Through the blurring mist she could see that there was something like a small dolphin or huge catfish lying in the shallows, panting visibly. Tentacles growing out of its face curled and splashed.

She heard water trickling, and then saw that the thing had a bony hinged arm too, with wet fingers on the end of it.

“Take my hand,” it wheezed.

Christina forced herself not to step back; but in a tight voice she said, “No.”

“My fault,” whispered the creature that was her father’s ghost. The arm fell back into the water with a splash. “Gabriel’s daughter — your lives — your soul. Looking at me? Don’t look. I stay on the bottom most days — all fear one another — river worms now.”

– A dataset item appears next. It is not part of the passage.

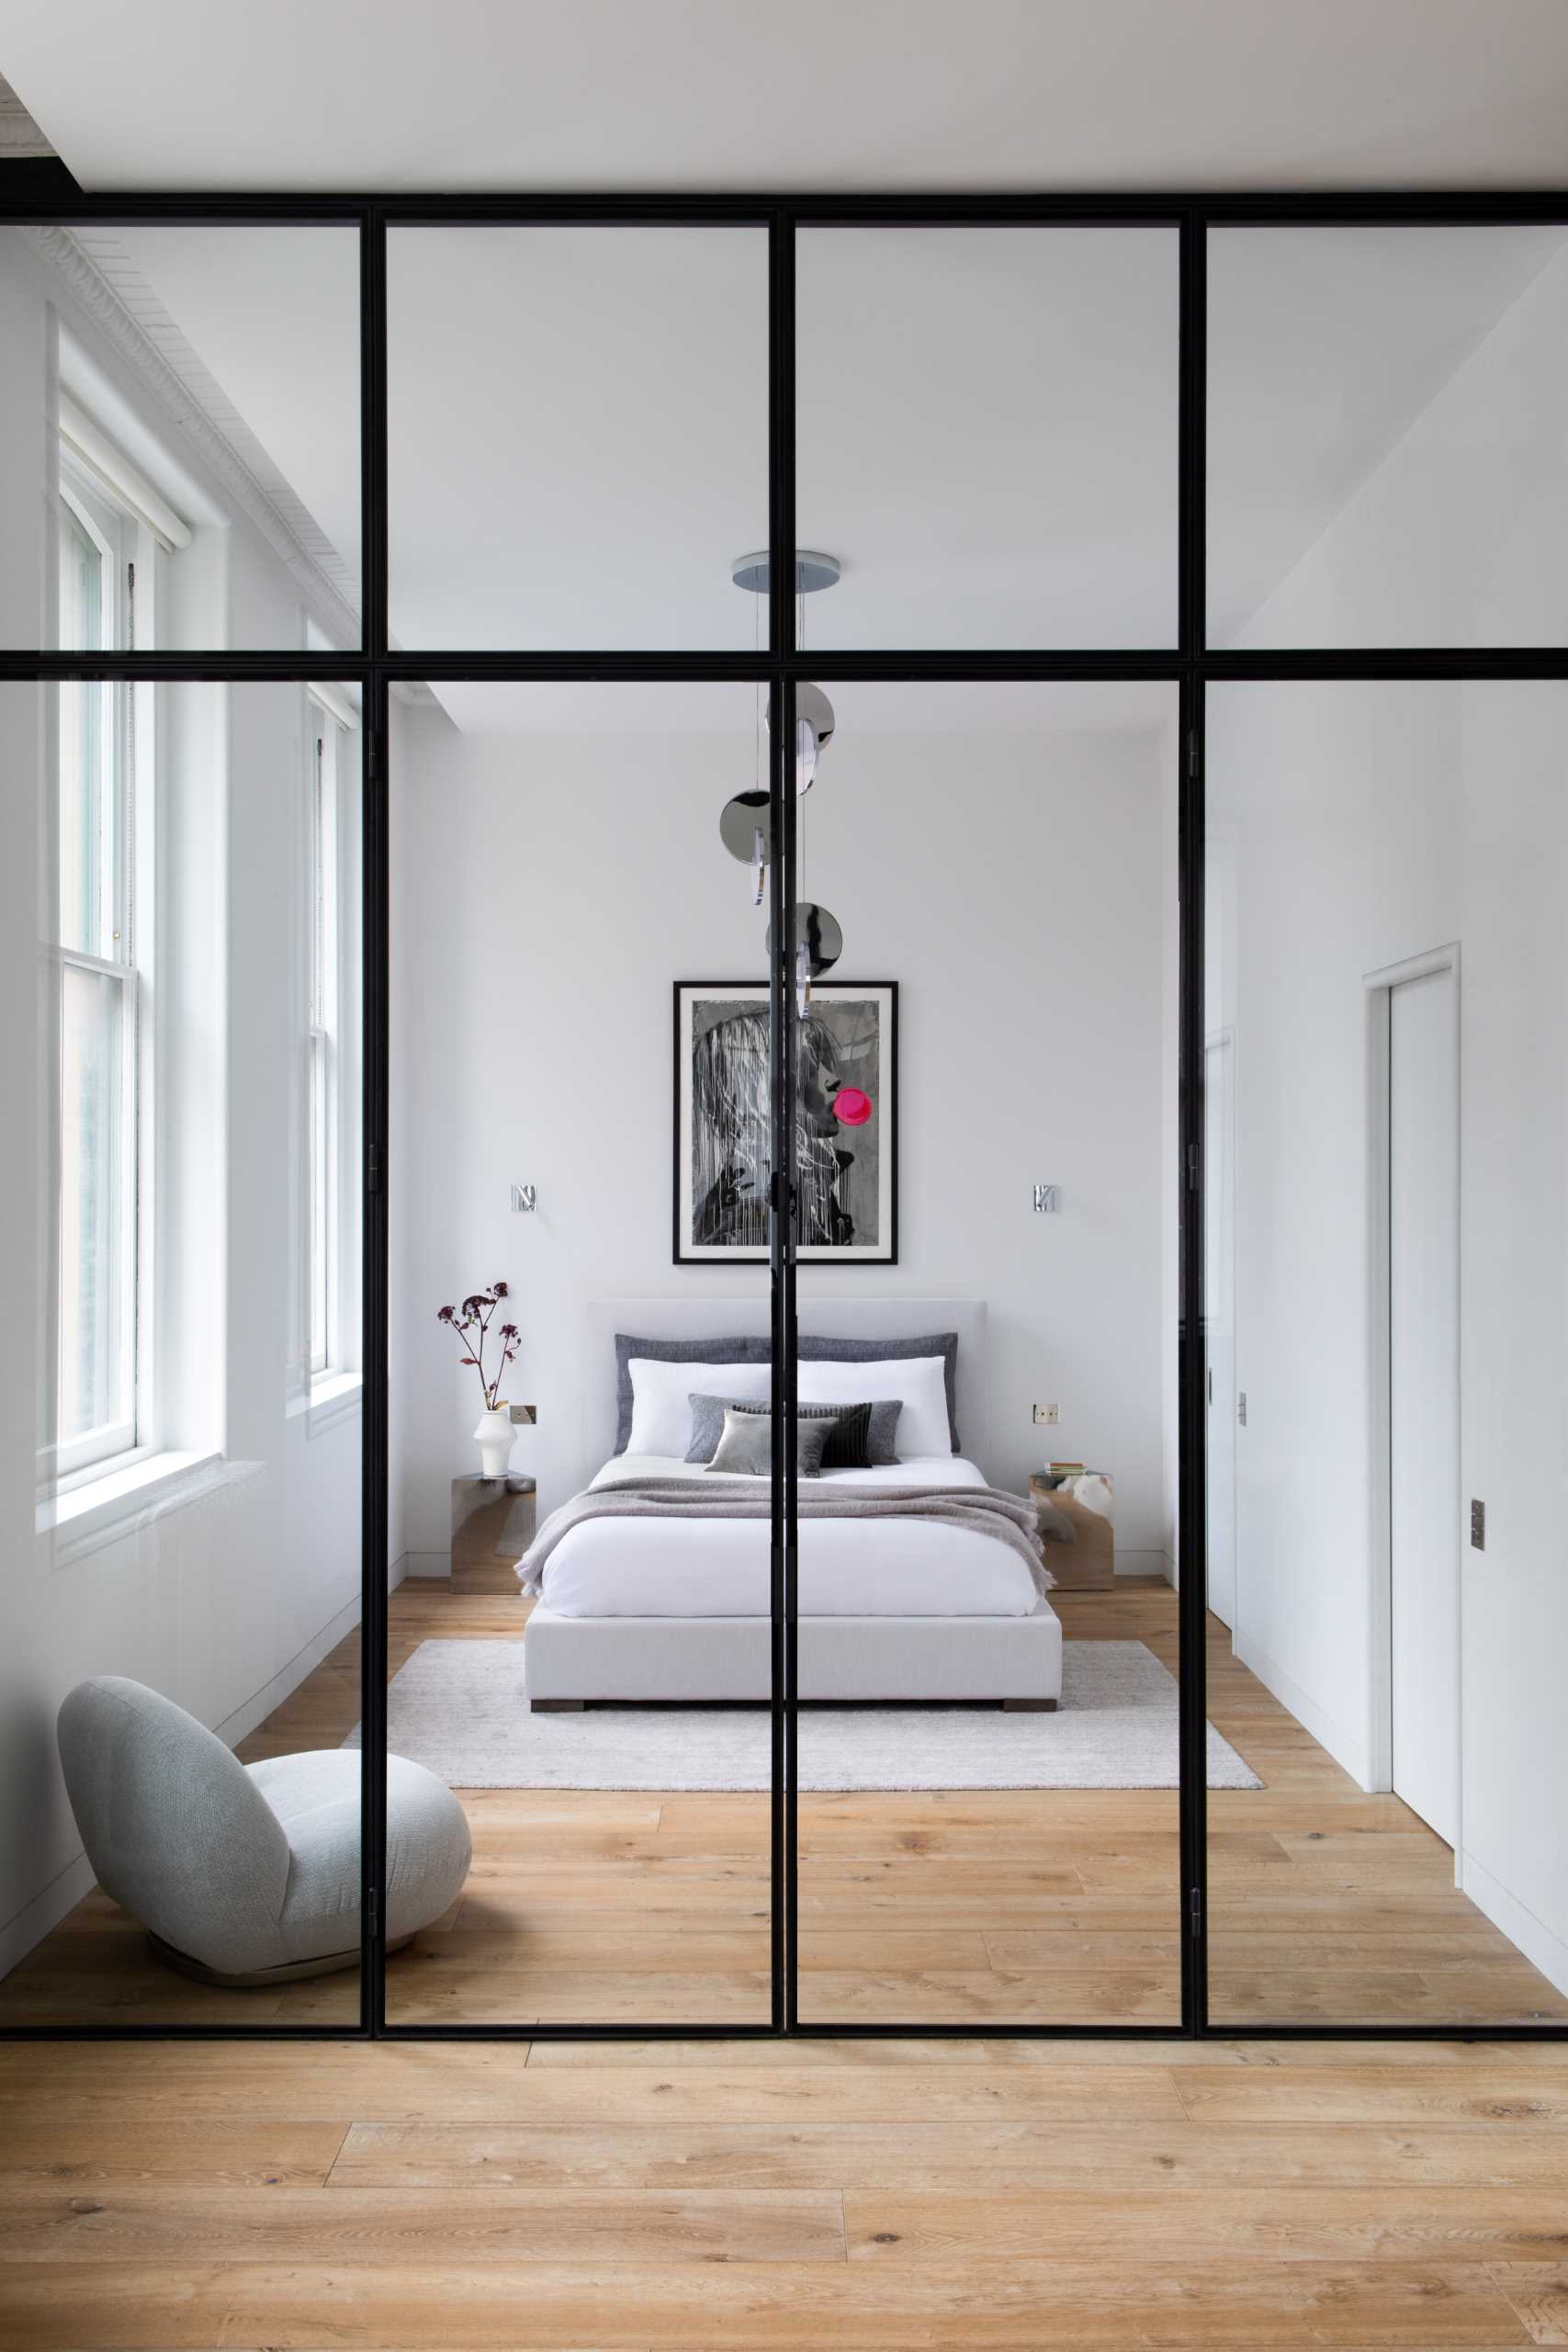 This modern bedroom, located by the windows, includes an Eclipse Chandelier by Lee Broom, a Pacha Lounge Chair by Pierre Paulin, and a Bubble Gum Girl Painting by Hijack.

“William,” she said helplessly, “said to tell you he loves you.”

The creature groaned softly.

It occurred to Christina that she would be able to bear this for only a few more seconds.

“What did you want to tell me?” Her mouth was full of saliva, and she swallowed and gagged. “You asked me to meet you here.”

“Cut yourself?” said the fish-thing on a rising, whistling note. “On a rock? You could. Give your poor father a few drops of your living blood?”

This time she did step back. “No. Was that all you wanted to say to me?”

“No, no, I’m sorry, forgive me: don’t look at me. No, I wanted to say — choke it. It choked me.”

Icy water abruptly invaded the toe of Christina’s left boot, and her whole body shuddered at the shock. She gasped, “Choke what, Papa?”

“Statue, the uncle, of yours, my Francesca’s brother! Moony knows how. Save your souls; undo it all, then I can save mine.”

The freezing water quickly spread under the sole of her foot; her toes were already numb. “Papa, where is it?”

The fish-thing blew out spray, though its breath didn’t steam. “Here,” it rasped, “damn you, here! No, not here — in my throat. My heart clenched, I was dying — I thought Polidori would save me, immortal — I meant to swallow it — but — just gasping, choking.”